Can anyone legitimately claim they do not “believe” in ME ?

ME is assumed to affect about a quarter of a million people in the UK. Some are mildly affected, some moderately affected and about 25 per cent are believed to be so seriously affected that they are housebound or even bedbound.

Affecting more people than AIDS, lung cancer and breast cancer combined, more people than have multiple sclerosis or cystic fibrosis,  ME can leave a person as functionally impaired as someone suffering from diabetes, heart failure and kidney disease, and as severely disabled as someone with heart failure, late-stage AIDS, Multiple Sclerosis , or a person undergoing chemotherapy.

Myalgic Encephalomyelitis (ME), has been classified by the World Health Organization (WHO) as a neurological disorder since 1969. Currently it is listed in the International Classification of Diseases (ICD), chapter 6, under Disorders of Brain at ICD-10 G 93.3. In the 1992 revision of the ICD, the WHO approved the term “Chronic Fatigue Syndrome” (CFS) as a term by which ME may be known. The term CFS is coded only to ME at ICD-10 G93.3, hence the composite term “ME/CFS” is often used to denote the disorder. A synonymous term also sanctioned by the WHO is “postviral fatigue syndrome”.

Some people mistakenly think they have ME when in fact they have something else. Many others may have a wrong diagnosis, or none at all. The Centers for Disease Control and Prevention (CDC)  believes that of the estimated one million to four million Americans who have ME, less than 20% have actually been diagnosed.

ME was recognized as a specific disease entity by The Royal Society of Medicine in 1978 and was recognized as an organic disease by the  UK Department of Health in November 1987. 

On the 25th November 2008, the Northern Ireland Minister for Health, Social Services and Public Safety, admitted that ME is "a very real and debilitating neurological condition"

On 23rd February 2010, in an Adjournment debate on ME, Gillian Merron, Minister of State (Public Health), Department of Health, stated:"I want first to put on the record that we accept the World Health Organization's classification of ME as a neurological condition of unknown cause."

On 28th May 2010, Kay Ellis confirmed on behalf of the UK Chief Medical Officer: " The Department's view is that it is important to recognize that CFS/ME is a genuine and disabling neurological illness and health professionals must recognize it as such".
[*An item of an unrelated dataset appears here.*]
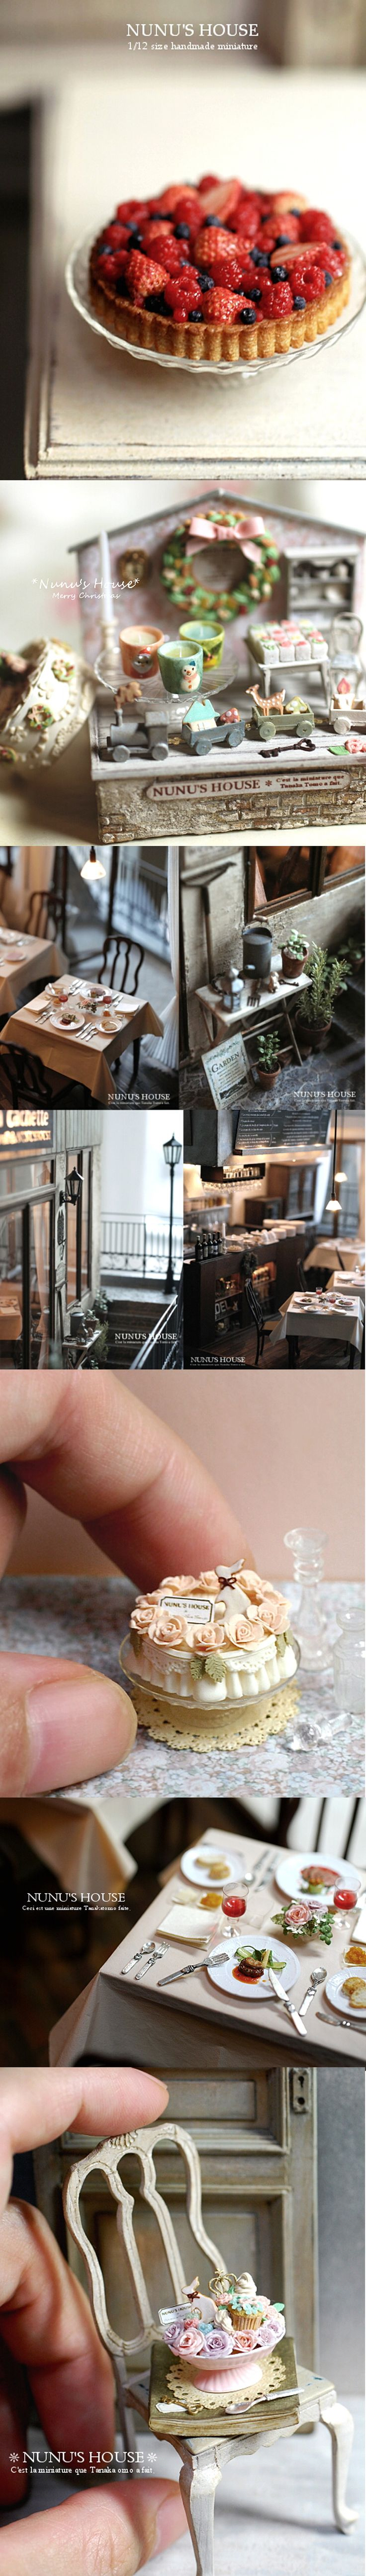 Nunu's House Miniatures. So realistic!!!!

On 19th June 2008, Stephen Atkinson on behalf of the Department of Health confirmed:"I would like to assure you that the Department recognizes CFS/ME as a neurological disease". 

On 11th October 2010, in a debate on ME in the House of Lords, the Countess of Mar asked the Parliamentary Under Secretary of State for Health, (Earl Howe) whether the coalition accepts that CFS/ME is a neurological condition and he replied that the " Government accepts that it is a neurological condition".

On Feb 2nd 2011 Paul Burstow, Minister of State, Department of Health, in response to Ian Swales MP, confirmed that there is :"strong international consensus that CFS/ME is a chronic and disabling neurological illness. I want to stress that it is a neurological illness; it is not a mental health problem " .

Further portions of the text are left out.